Yes. Most seminaries and divinity schools offer a variety of degrees. These include:
- M.A. (Master of Arts) or M.T.S. (Master of Theological Studies): one to two years; sometimes in Christian Education, more generally in "religion" or a specially designed degree, such as one in religion and the arts
- M.Div. (Master of Divinity): three to four years; the professional degree required for ordination
- M.S.W. (Master of Social Work): two to three years; usually offered in conjunction with the M.Div.
- Th.M (Master of Theology) or S.T. M. (Master of Sacred Theology): a one year degree, offered post M. Div., that allows a person to further specialize in a particular area of interest
- Ph.D. (Doctor of Philosophy or Th. D. (Doctor of Theology): four to six years after the completion of a Master's degree
What should I study in undergraduate school to prepare for ministry?
Students come to theological schools and seminaries from variety of educational and employment backgrounds. Most theological schools seek applicants with a broad background in the Humanities; a major in Religious Studies, English, Philosophy, Psychology or History would be appropriate. Science majors are also welcomed in graduate theological schools. Strengths in written and oral communication and critical thinking are often more important than major, though a significant number of courses in religious studies will help you discover whether or not you enjoy the academic study of religion.

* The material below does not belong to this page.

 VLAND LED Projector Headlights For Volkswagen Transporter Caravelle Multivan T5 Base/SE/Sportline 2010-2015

What is the minimum GPA required?
Theological schools have fairly high academic standards and expect students to engage in rigorous academic study and practical training. Theological schools also recognize that students are primarily interested in becoming well-educated pastors rather than academic scholars working in specialized fields. Thus, while a solid academic background is essential, the stellar grades necessary for highly competitive graduate programs in other fields is not as critical. In addition, the ability to articulate of one's sense of call and recommendations from professors and clergy are given strong consideration in an application.

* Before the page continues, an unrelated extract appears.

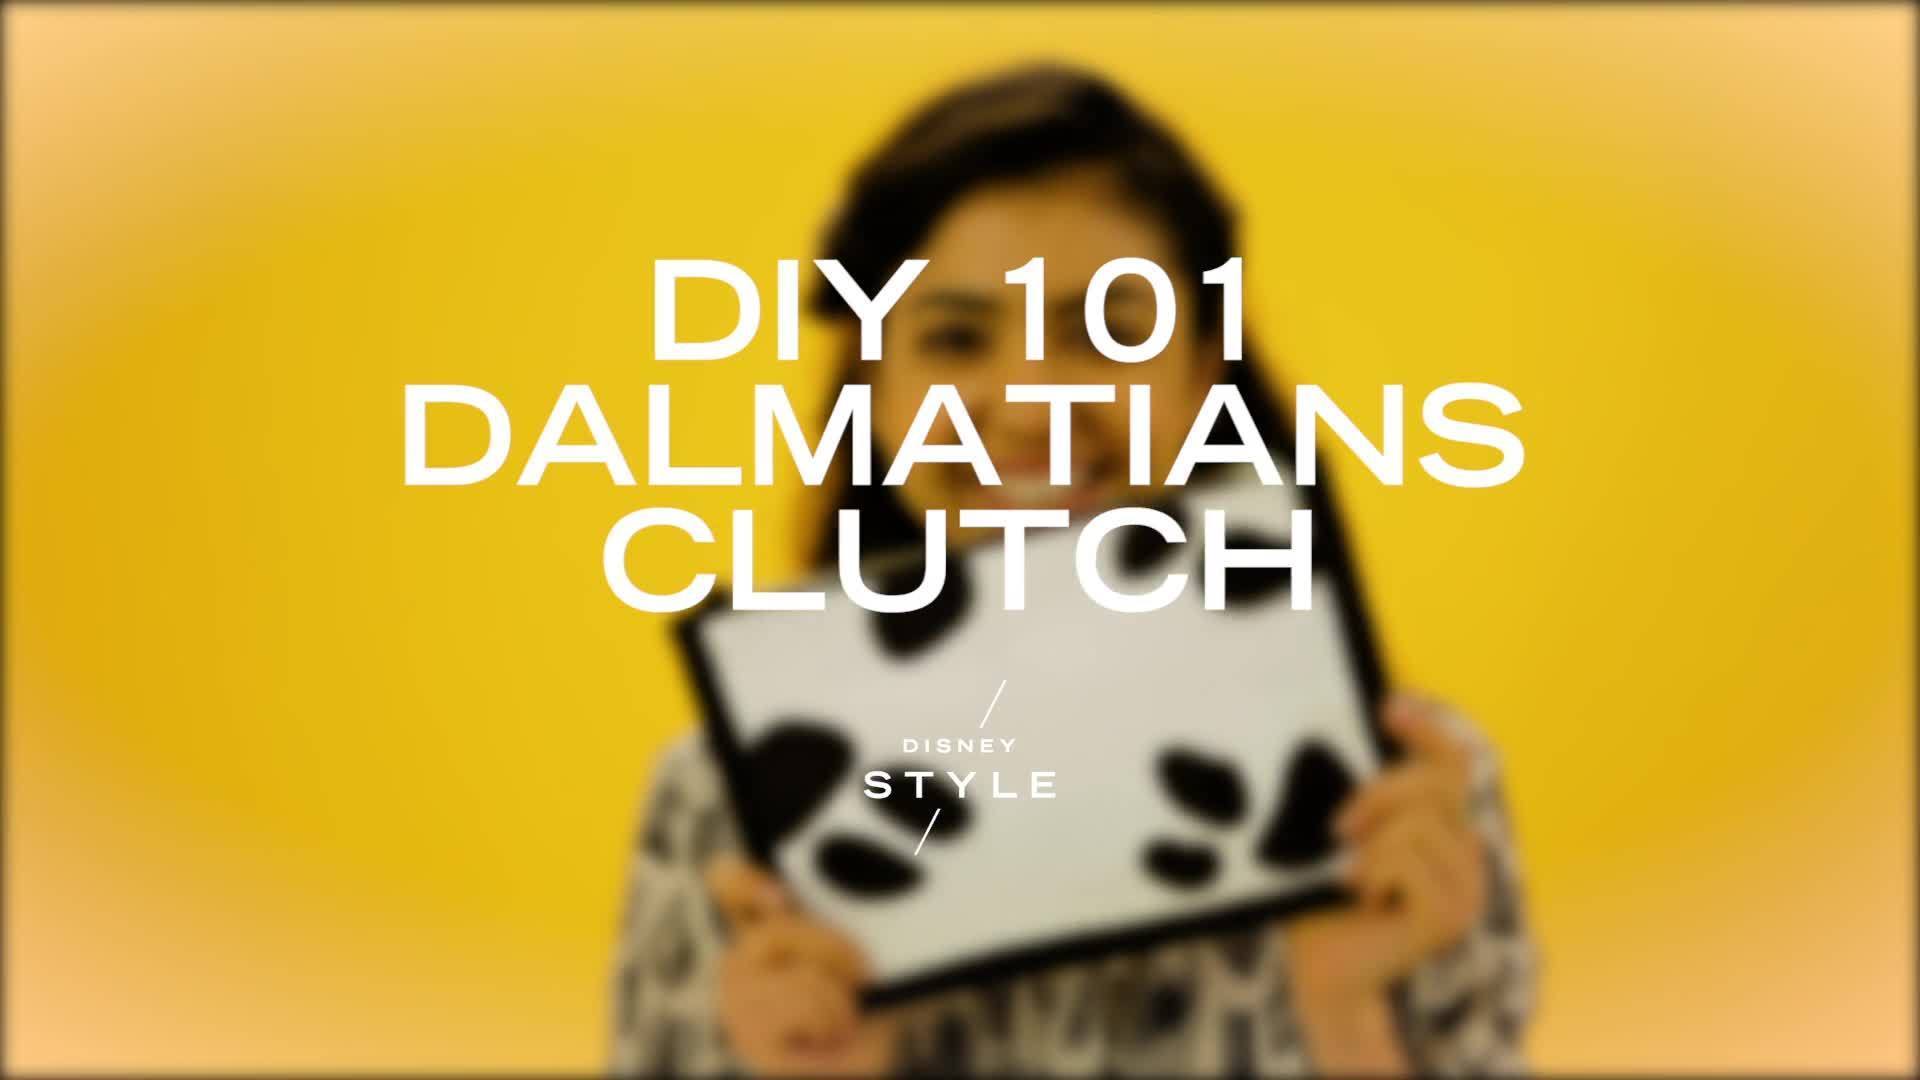 DIY 101 Dalmatians Clutch

Is it necessary to take the GRE's?
This varies. Some schools require the GRE (Graduate Record Exam), but many do not require standardized test scores. Check the admissions criteria in the catalogs of the schools you are considering.
Is it better to go to theological school right after graduation or wait several years before applying?
That depends on the individual and your denomination's requirements. Some college seniors have a strong sense of calling to ministry and feel ready to go directly on to theological education. Others may take a year or two away from study so they will have some experience in the "work world" that the church members come from. Still others may use that time to do a service or ministry-oriented internship or find a non-ordained position in a church setting to get experience or test their sense of call more fully.
Many people entering seminary and theological school are "second career" students who have worked for a decade or more and now feel called to ministry. If you attend theological school directly after graduation, you can count on being in class with many people who are older than you are. Many discover that the interaction between generations makes for a rich educational experience.
Is financial aid available for theological studies?
Many theological schools subsidize their students' educational expenses, so the costs tend to be lower than for many other professional graduate school programs. Most also offer merit-based and need-based financial aid packages. Each institution varies, so make sure to do adequate research on the assistance offered by the schools that interest you. In addition, many denominations will offer some financial support for their candidates for ministry. Check with your pastor or denominational office to see what resources exist.
What is required for Presbyterians?
The Presbyterian Church (USA) requires candidates for ministry to first register as an "Inquirer" and then to become a "Candidate" for ministry. More on this multi-year process is available from your pastor, Presbytery office and the denominational web site. Students may chose to start the process during the college years.